The American Civil Liberties Union has argued against a ban, citing the potential for disproportionate impact on communities of color, and sent a letter of concern to the FDA and the U.S. Department Health and Human Services.

"Time and time again, we see encounters with police over minor offenses — for Daunte Wright it was expired tags, for George Floyd it was using a counterfeit bill, for Eric Garner it was selling loose cigarettes — result in a killing," ACLU senior legislative counsel Aamra Ahmad said in a statement. "There are serious concerns that the ban implemented by the Biden administration will eventually foster an underground market that is sure to trigger criminal penalties which will disproportionately impact people of color and prioritize criminalization over public health and harm reduction."

The FDA will publish the proposed rule in the Federal Register, allow time for public comment, and then make any revisions before publishing the final rule.

The FDA's announcement is the culmination of years of effort and wait by public health groups – and the work isn't over yet, said Joanna Cohen, a professor at the Johns Hopkins Bloomberg School of Public Health.

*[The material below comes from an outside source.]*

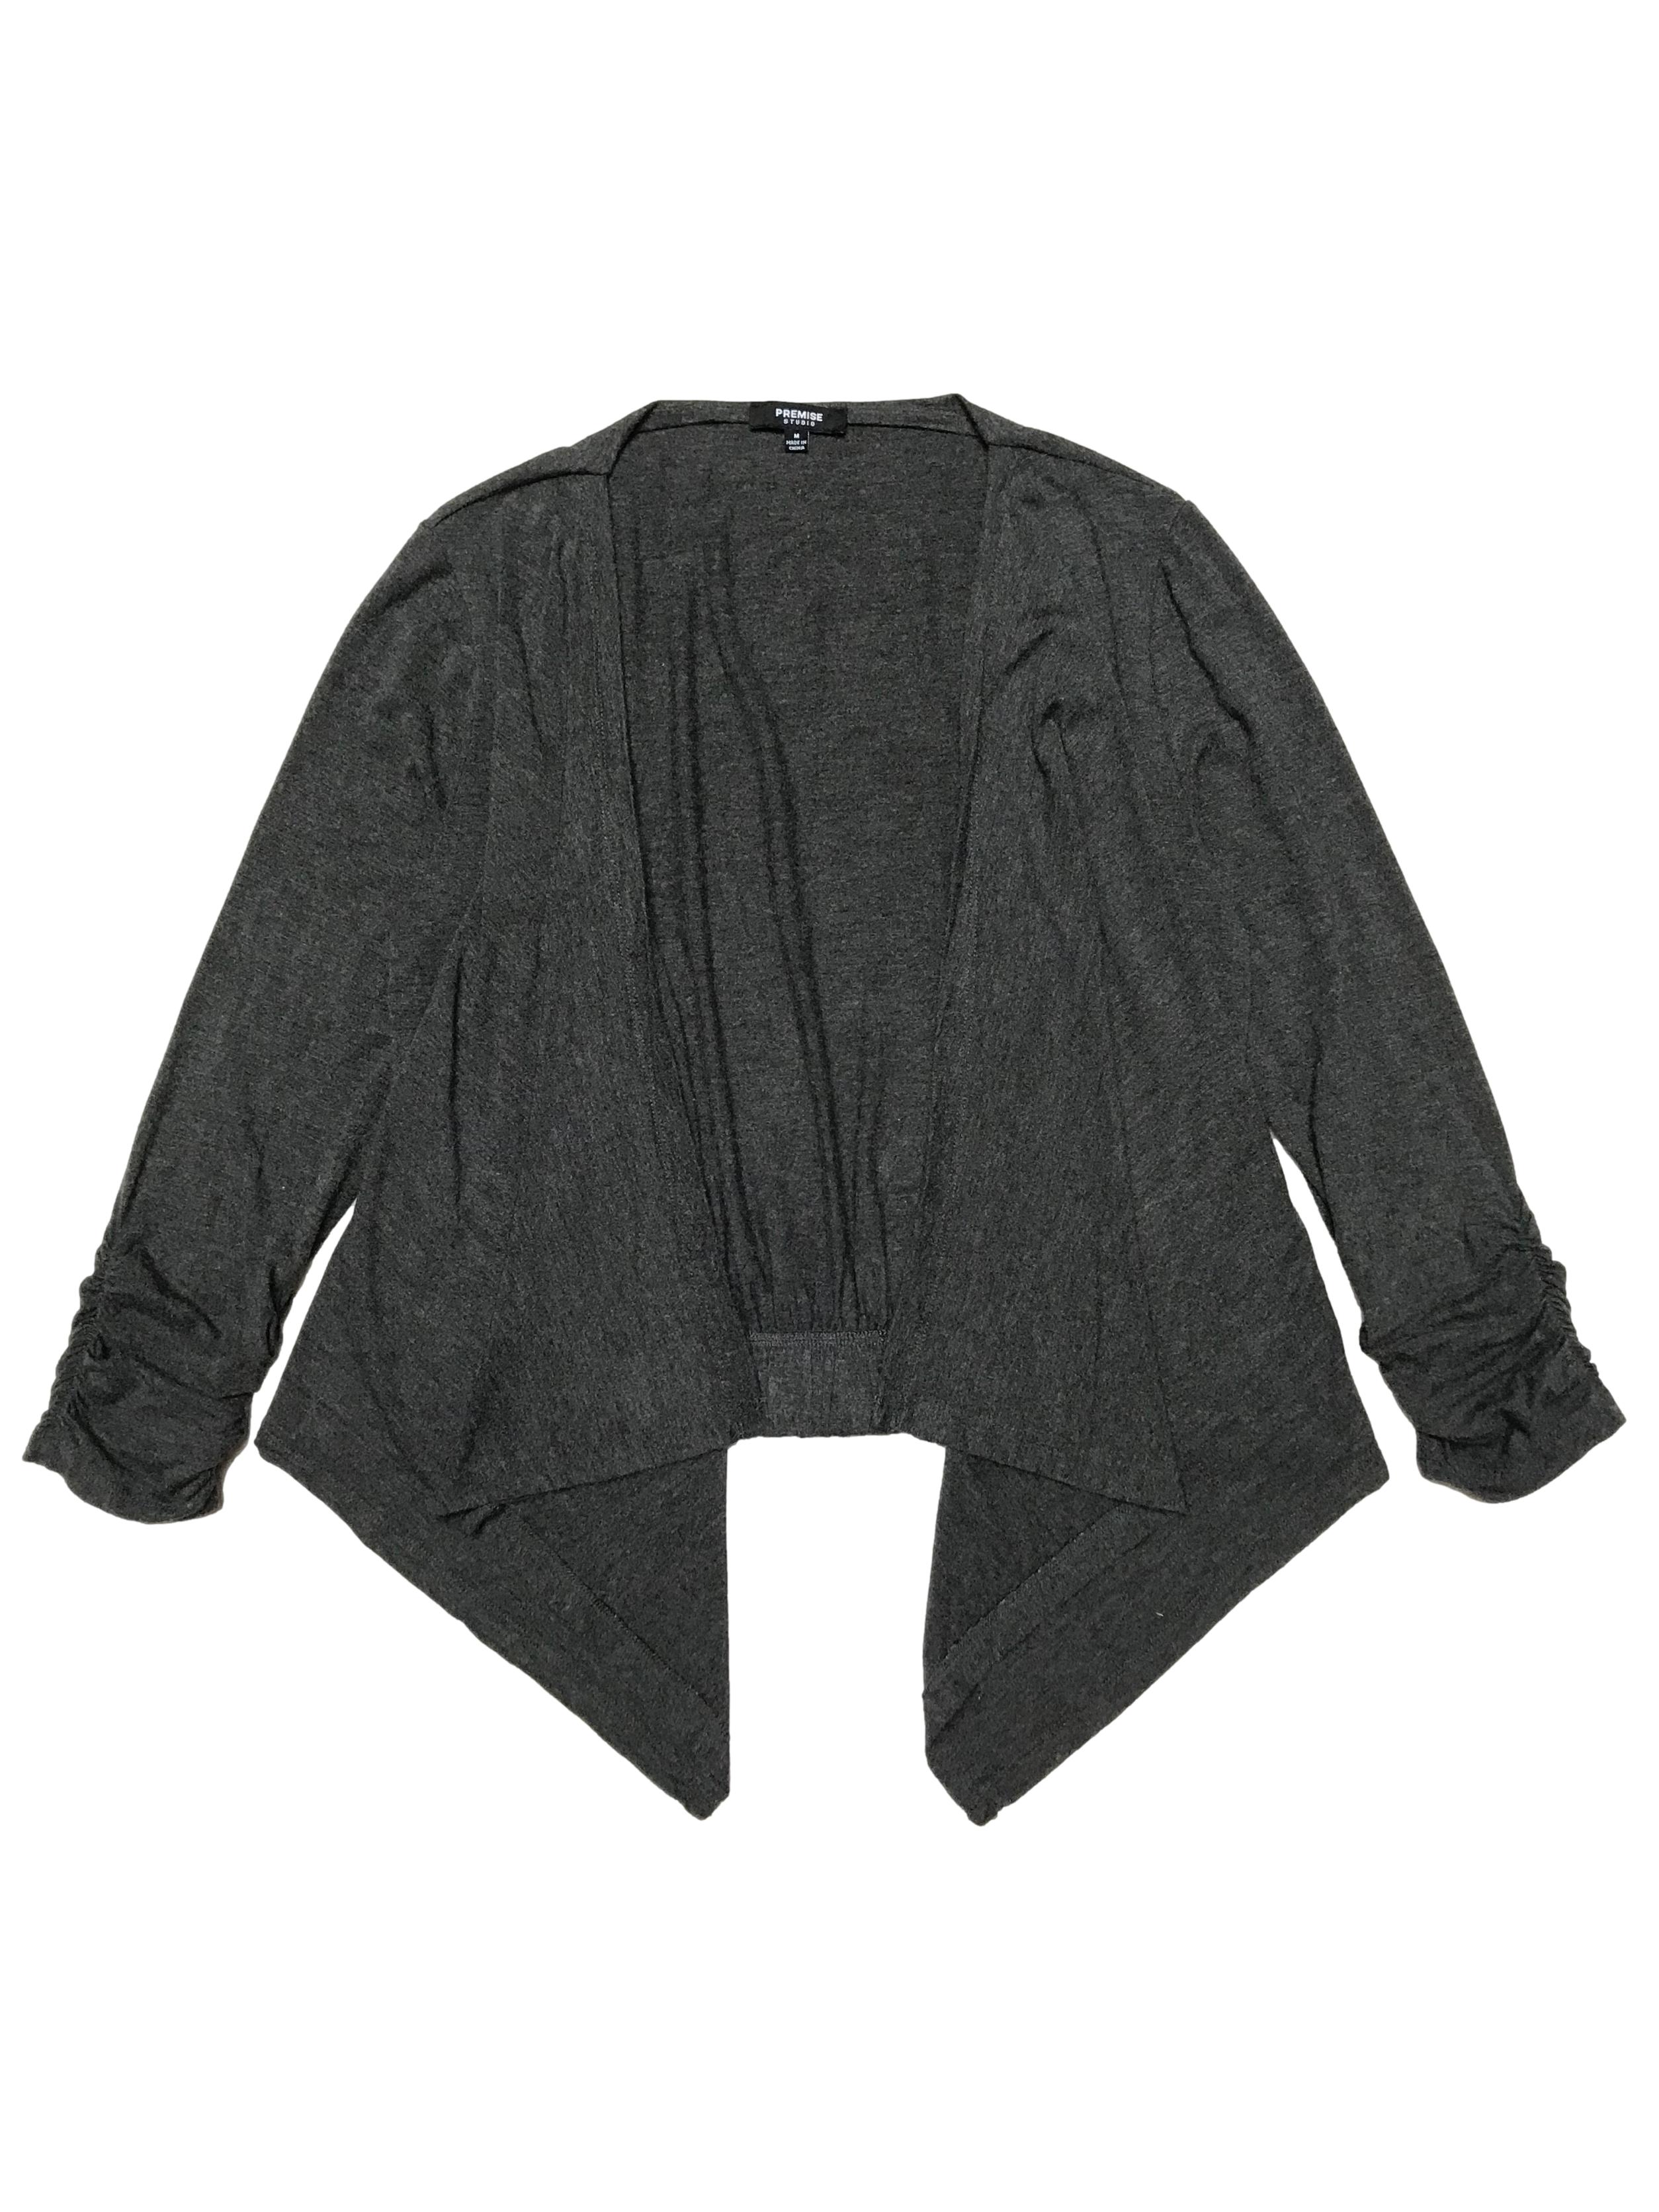 Cardigan Premise de tela tipo algodón stretch gris, drapeado en los puños y basta simétrica adelante. Largo 45 - 65cm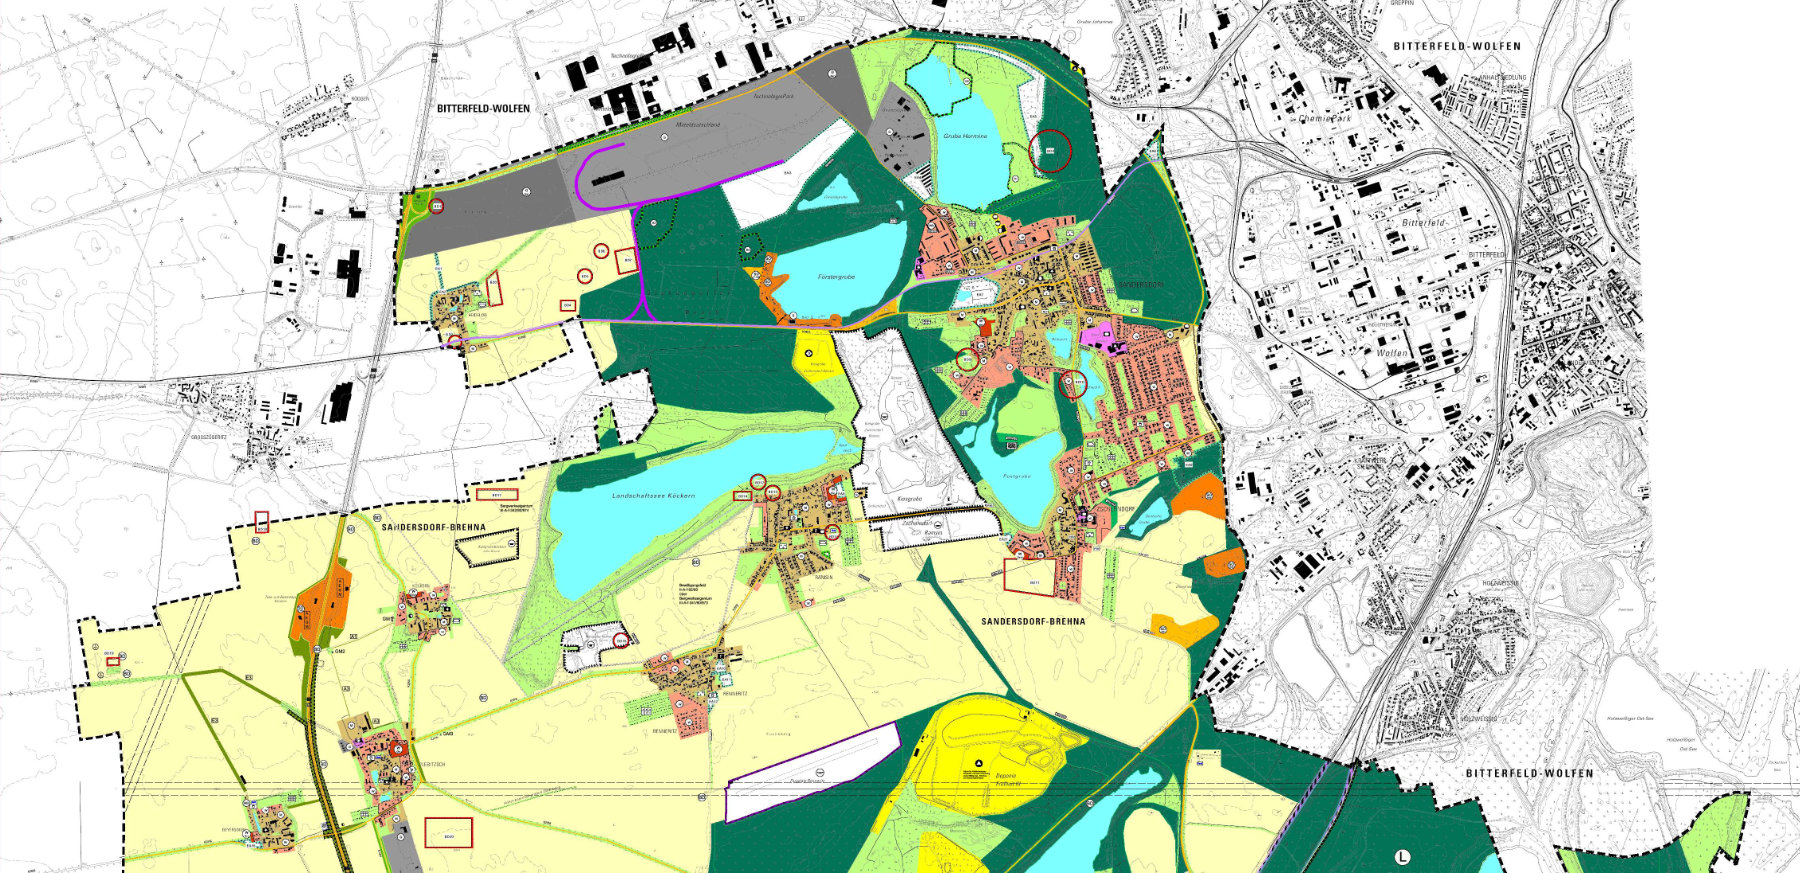 Neuaufstellung des Flächennutzungsplanes der Stadt Sandersdorf-Brehna

If the FDA publishes a final rule, Cohen said, "the tobacco companies will most likely sue," as they have with other proposed regulations on tobacco products.

Cohen noted that the FDA's announcement does not include e-cigarette cartridges. The FDA banned most flavored cartridges last year (except tobacco and menthol flavors) – which Cohen says spurred vapers to instead simply buy devices that pre-load the flavors.

In that way, she said, tobacco control is like a balloon.

"If you squeeze in one area, the balloon — the tobacco industry — is just going to expand into some other area. So you have to really be thoughtful and comprehensive whenever you do one of these things, because if you're not careful, it moves the problem."